Gaining peace

…”I said about them, ‘They wander in their hearts
    just like they do with their feet,
    and they refuse to learn my ways.’
My heart grieved over them so I decreed:
    ‘They will never enter into the calming rest of my Spirit!’ ”

-Hebrews 3:10b-11, TPT

While it might not feel like it initially, divorcing a cheater can lead to rest and peace.

You are breaking free from someone who has decided to defy God like the Israelites did in the desert. They were not allowed to enter God’s rest.

So, the first step to entering such rest is to break fellowship with a cheater who is literally hell-bent. No rest exists for faithful spouses who are living with someone who is in active defiance of God’s ways.

Can you relate?

Have you lost hours wondering where she/he is?

How about the fear over the next nasty discovery?

What about the terror of dealing with the verbal barrage of accusation and blame-shifting from your cheater?

How about the humiliation of going through STD tests because of your cheater’s risky behavior?

These are not peace-producing scenarios. They just aren’t. A gift from the awful situation of divorce is the peace that comes from cutting oneself free from the madness of wickedness.

It is freeing.

Yes, it takes work to find that place of rest. We need to believe and trust God’s words of comfort and peace. The work of processing grief is important to face as well.

However, I can testify to the joy of experiencing the gifts of peace on the other side of divorce. God is good and honors faithfulness to Him.

Yes, you are losing a cheating spouse in divorce, but you are gaining peace of mind by doing so.

5 thoughts on “Gaining peace”

  1. In 2008 I went thru a divorce and that was the most difficult thing I have gone thru. I Was separated from my fist wife in November 2007 for two months and she got sick and went to the hospital so I came and took care of the children and cleaned her house to help her. I saw her computer screen light up and a voice said look and so I did. I opened her MySpace page and she was arranging a hook up with some guy and the conversation was graphic. I confronted her and she laughed at me so I left. I went back to my friends house determined to be out of this marriage and a few months later I fornicated with a woman that was an old friend. The guilt and shame was unbearable. A few months later I dated the ex and tried to reconcile our marriage until I caught her with another guy less than two weeks of dating! That’s when I believed she wasn’t going to change and now 11 years later she remains unmarried and has had 3 live in boyfriends. I cried put to Jesus for a woman that wants to walk with God with me one day on a mountain logging road. About 2 to 3 months later I met my wife that I have now. She was a new believer in 2008 and we didn’t do everything right in the beginning but knew what we needed to know and decided to get married. The pastor at my church treated me with judgement so we left that church and were married by another pastor which we went on mission in Mexico for our honeymoon. The hardest part was that my pastor watched all of this go down and knew the whole story but judged me like I was guilty. I was guilty of some things but I would NEVER have cheated even though I was miserable the last couple years with her. My life now is full of peace and my wife and I pray, fast and work together for Jesus. The only problem I have is the fact that I’m divorced and remarried and I know that wasn’t really God’s plan and I fear sometimes that God is not pleased. On the other hand I know God can turn a wreck into a work of art. My wife is so precious to me and I believe God answered my cry with her. I only feel condemned when I read what Jesus said about a man marrying a divorced woman committing adultery. But then I read 1 Corinthians where it states ” is a man loosed by his wife, let him not seek a wife but if he marries he hasn’t sinned.” I cling to that verse for hope because I love Jesus and want to be with him but it is not good for me to be alone. I believe God knows my heart and has mercy despite my failures. He is so good!

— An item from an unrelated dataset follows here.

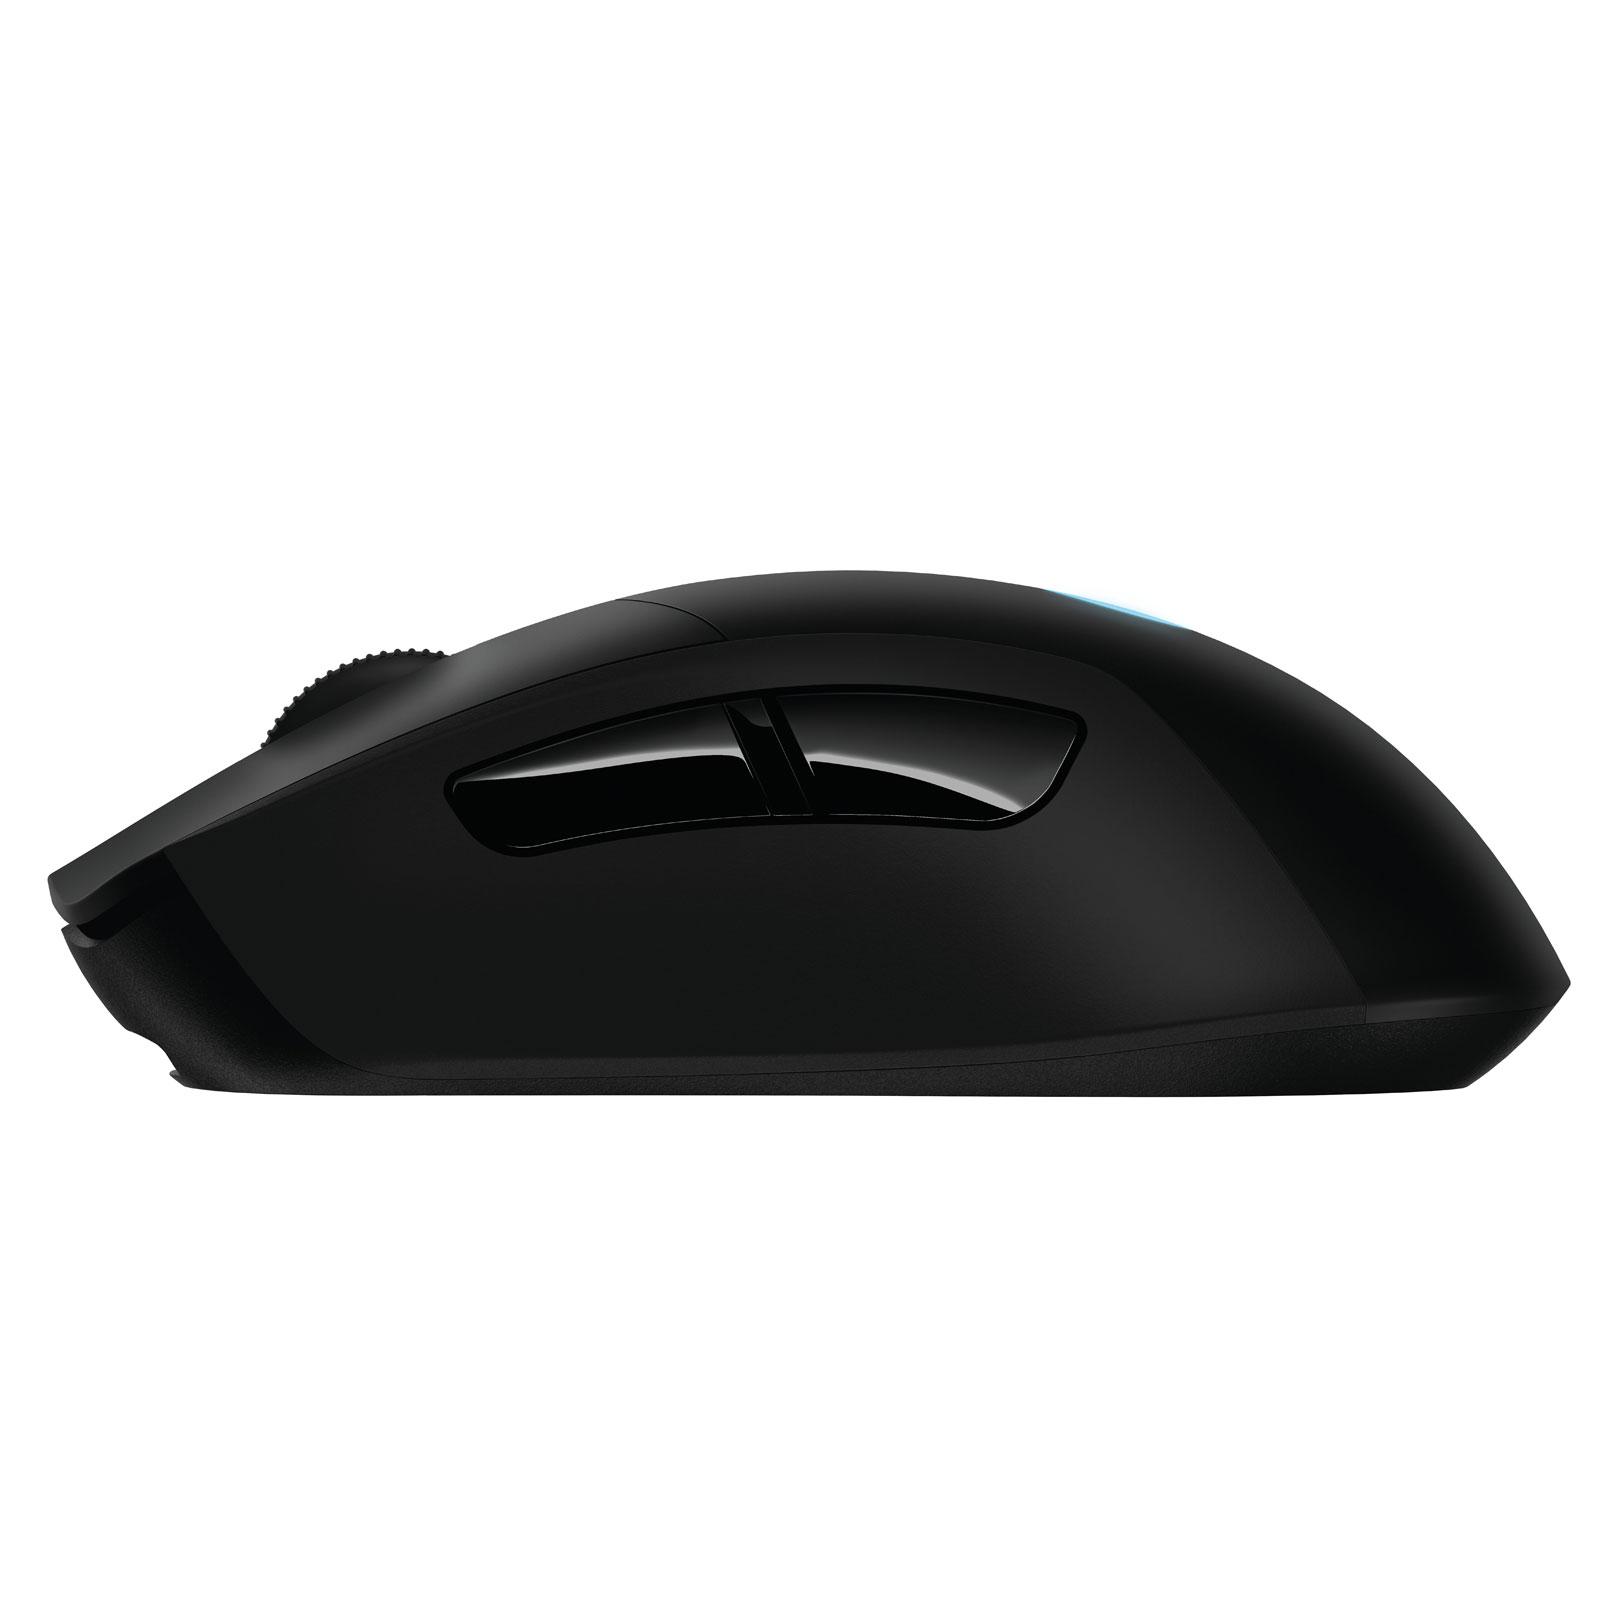 Logitech G403 Wireless - Souris PC Logitech - Cybertek.fr - 2

    1. Thankfully, your disapproving pastor does not get the final word on situations like yours. God gives us permission to divorce sexually unfaithful spouses (see Mt 19:9). The permission to divorce only makes sense if the permission to remarry comes with it (or it would be permission to separate, IMO). God’s opinion is what matters, not that disapproving pastor(s).

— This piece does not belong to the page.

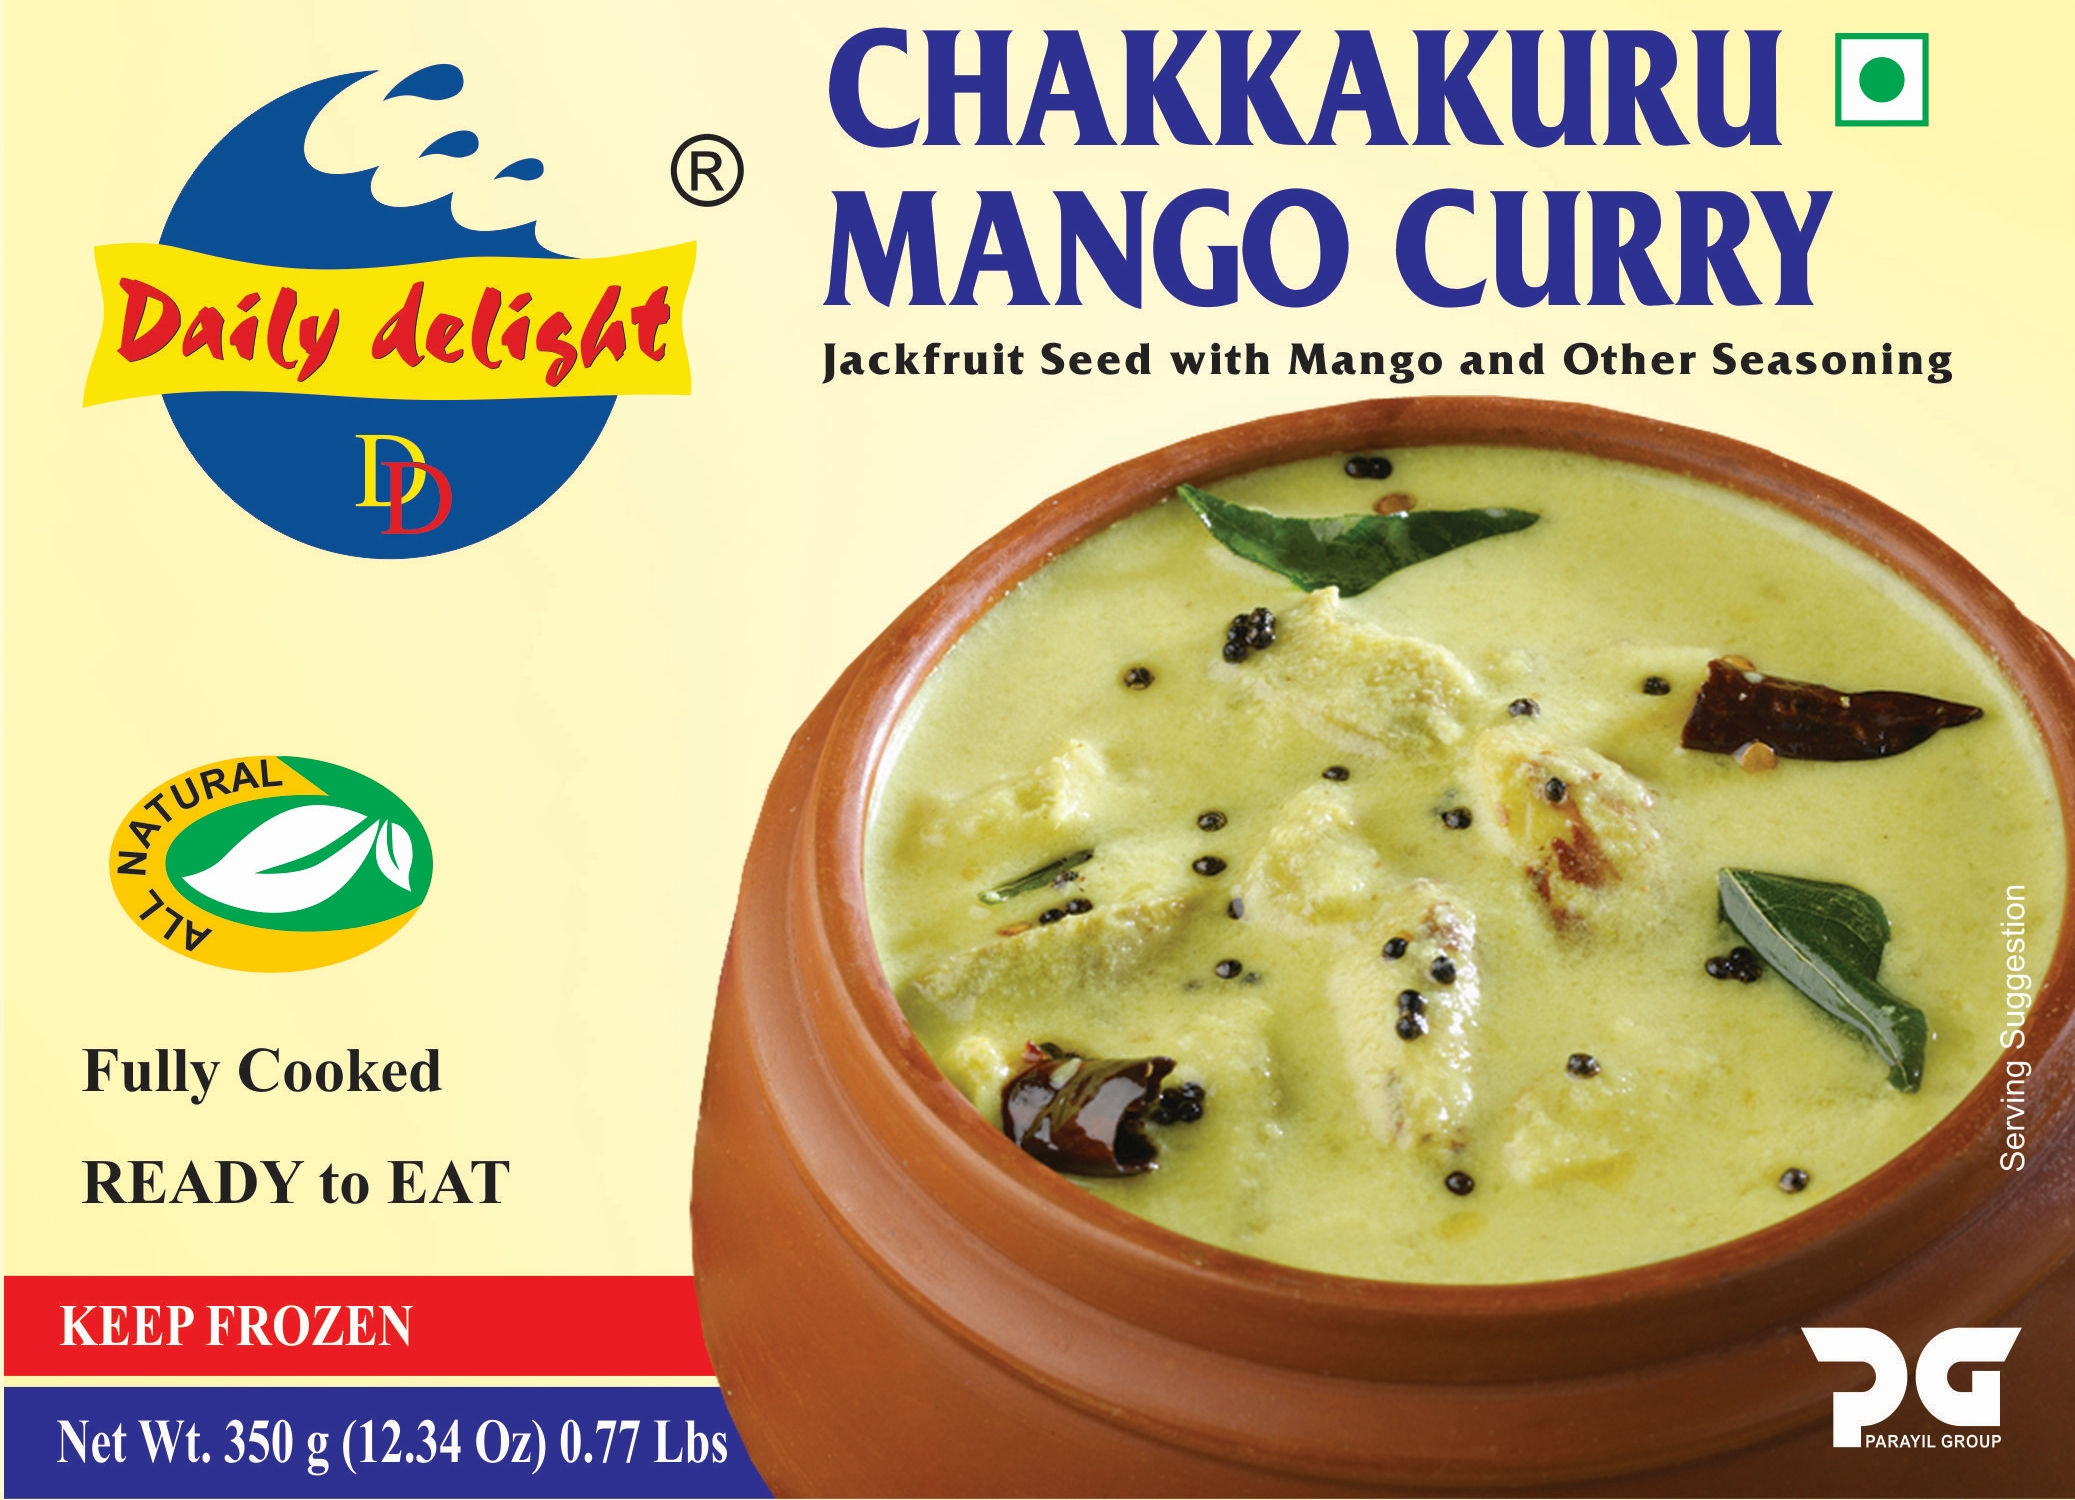 Daily Delight Chakkakuru Mango Curry

  2. Gabe, Jesus’ teaching on remarriage does seem to make an exception for the case where an unfaithful spouse is involved – “Anyone who divorces his wife, ***except for immorality***, and marries another …. Matthew 19:9. It seems to me the fact your first wife was arranging hook ups is a case where this exception would definitely apply. May God grant you peace.

    1. Thanks Scott and peace to you too! I’m Thankful for second chances. God is so good to us.. life can be confusing at times.